▶ **DATASET RECORDS**:
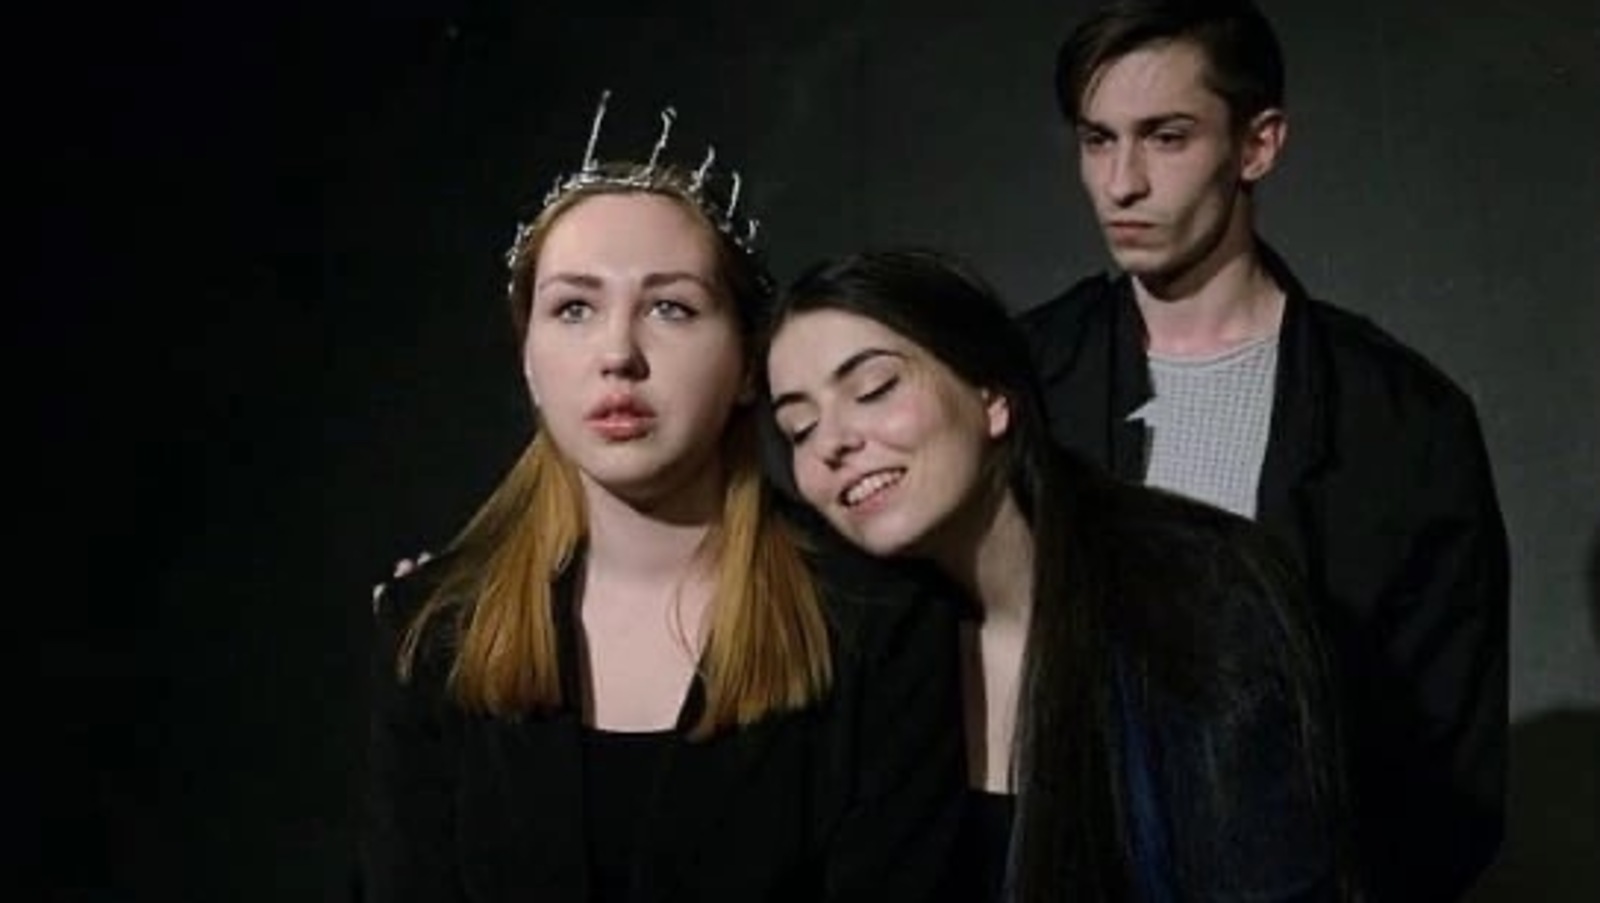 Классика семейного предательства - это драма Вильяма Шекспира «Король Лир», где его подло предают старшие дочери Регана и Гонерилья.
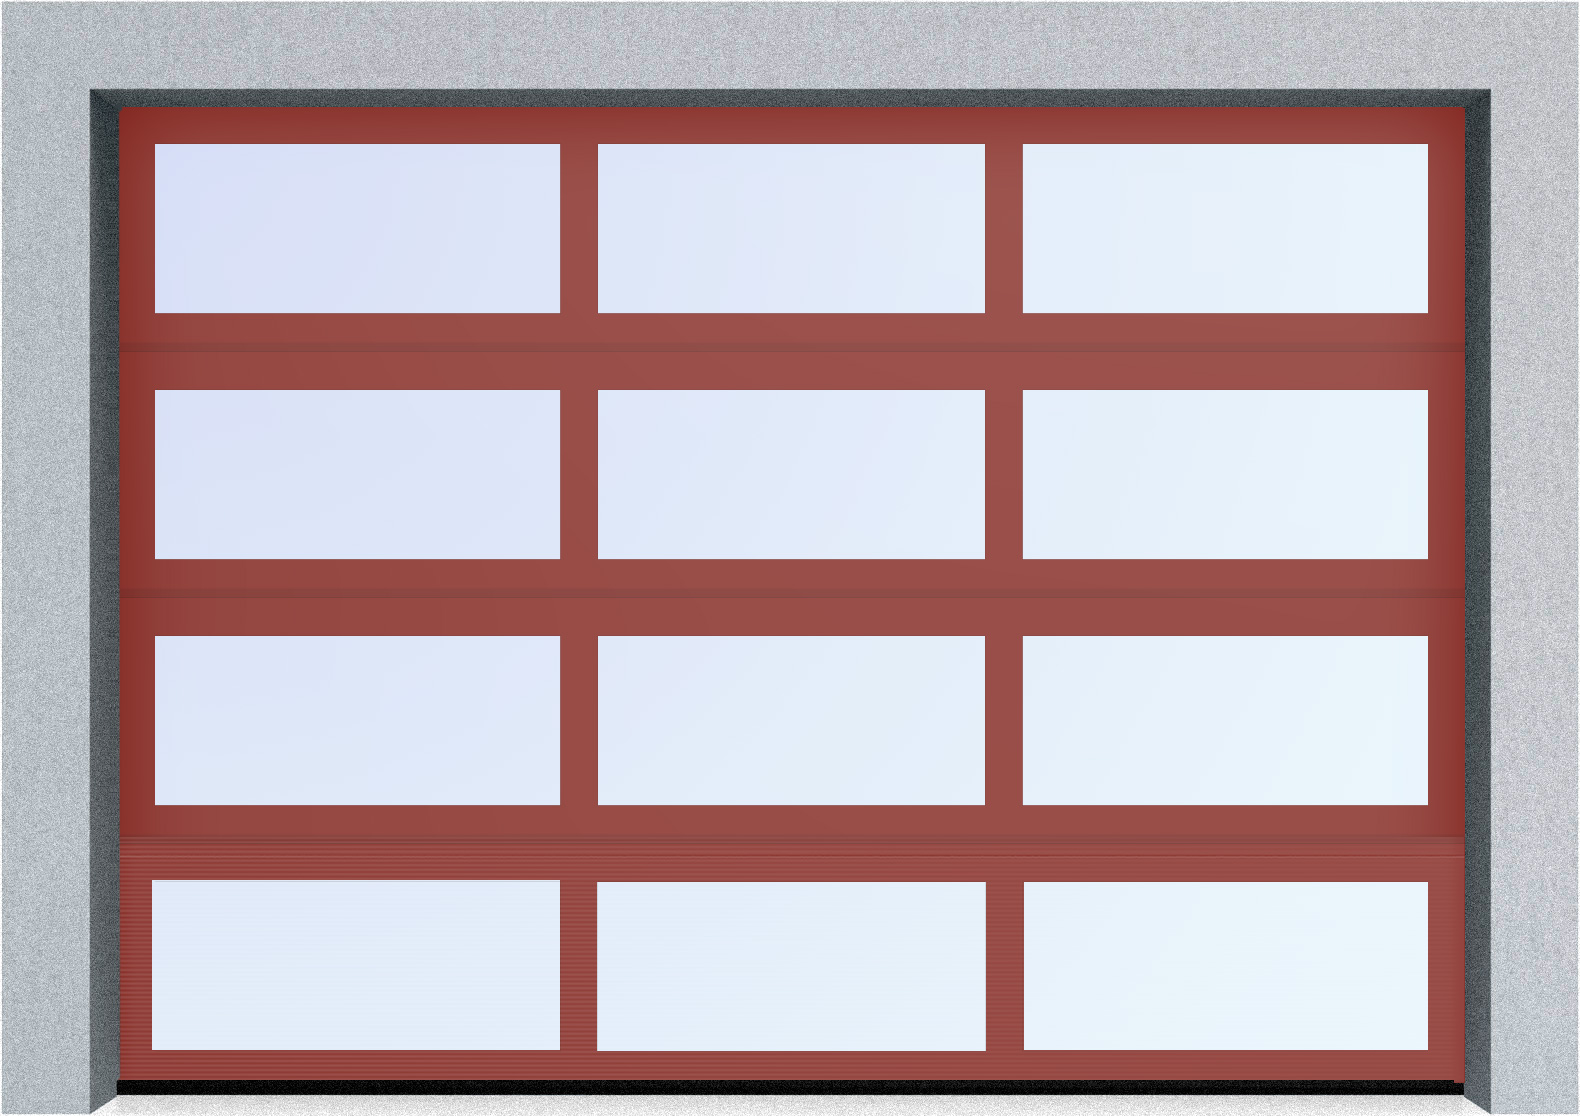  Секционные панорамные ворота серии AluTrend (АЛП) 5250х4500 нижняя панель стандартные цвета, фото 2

...

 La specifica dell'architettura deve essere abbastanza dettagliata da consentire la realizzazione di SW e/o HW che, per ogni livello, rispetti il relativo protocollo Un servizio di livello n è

---

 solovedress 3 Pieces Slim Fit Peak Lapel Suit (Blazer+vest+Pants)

▶ **EXERCISE**:
Return word for word the lines of the listing above, starting at the line with "Классика семейного предательства" and ending at the line with "Секционные панорамные ворота", both included. Pictures do not belong in the copy.

▶ **TASK ANSWER**:
 Классика семейного предательства - это драма Вильяма Шекспира «Король Лир», где его подло предают старшие дочери Регана и Гонерилья.
  Секционные панорамные ворота серии AluTrend (АЛП) 5250х4500 нижняя панель стандартные цвета, фото 2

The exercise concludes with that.